Possible workaround (but not proven yet):
For the rule that moves messages into a specific folder, I'm thinking of using the "except if the subject contains" option to exclude the e-mails that need special treatment. If that works then the original email will remain as unread in the inbox.

Assuming that step works, then I'll set up a new rule that caters only for the emails that were left behind and then I will flag them up the way I wanted.

Now that you have got me thinking about this again I'll consider doing some testing over the weekend.

Regards
Dave


----------



## DaveRose (Nov 4, 2008)

*SOLVED!! Re: Outlook 2007 rule problem causes blank message body*

I have solved my problem after a lot of testing. It seems that the "Mark it as importance" is the cause of my problems. The other thing I noticed is that if I flag a message for follow-up today it doesn't do it.

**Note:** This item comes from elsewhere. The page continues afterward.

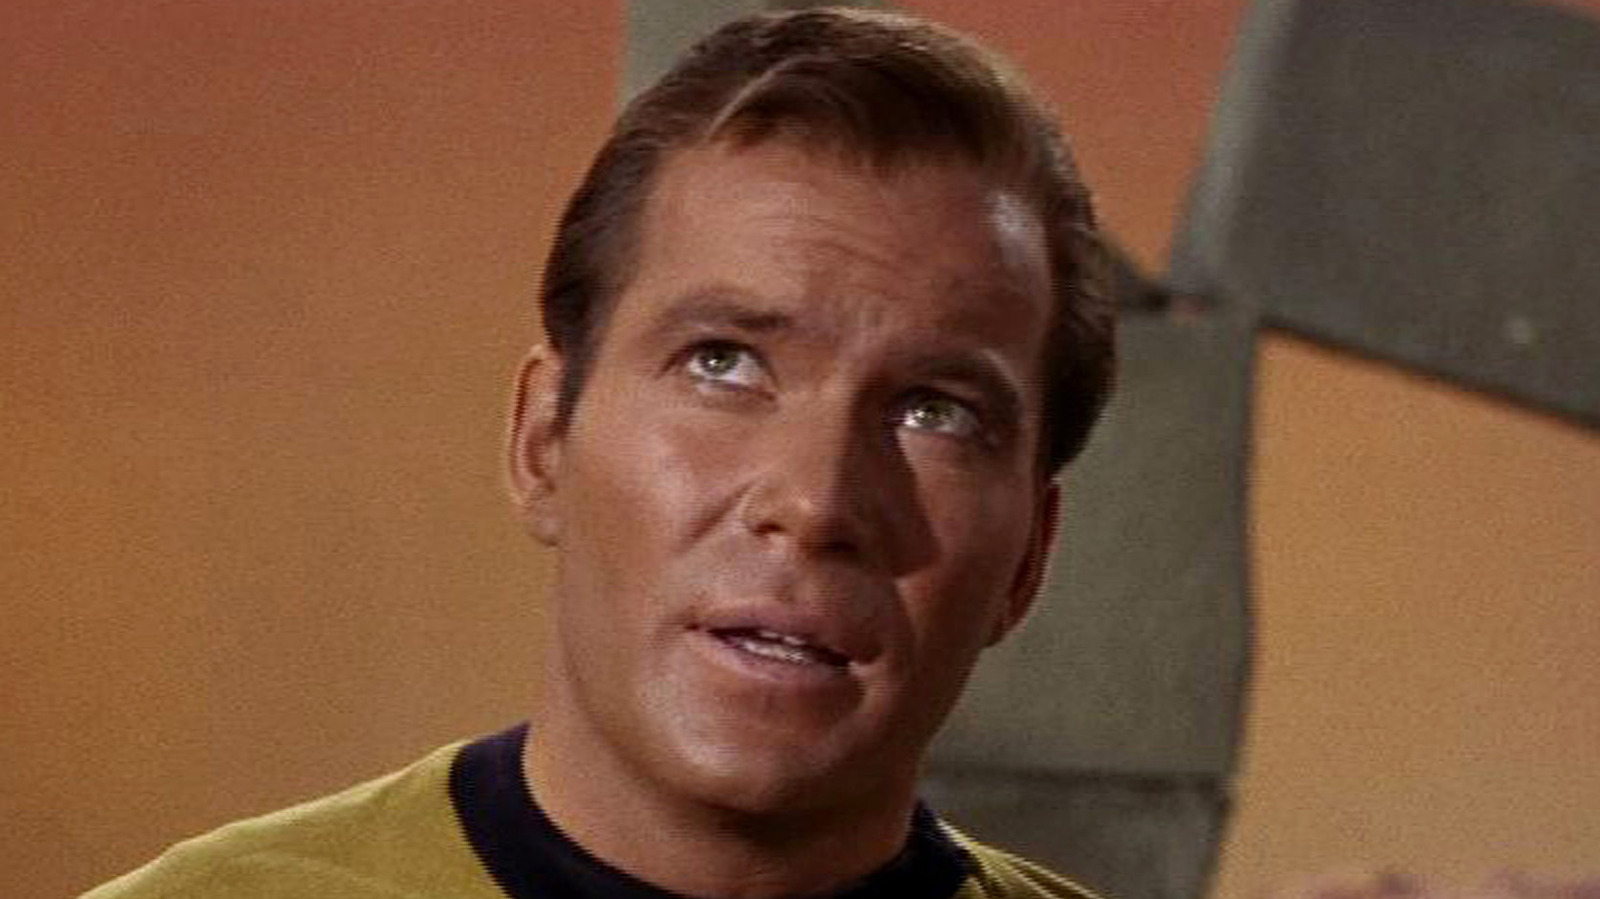 Gene Roddenberry Biopic Release Date And Story - What We Know So Far

Anyway, just to summarise...

I now have two rules in place:
1. Moves e-mails to a specified folder with an exception "Except if the subject contains" <the string I entered>
2. The second rule looks for <the string i entered> and highlights it with a red category and plays a tune

Wow... this took a long time to resolve but I finally arrived. Now I must backup my rules because I have a complex set of scenarios and now I'm pleased to say they all work:grin:


----------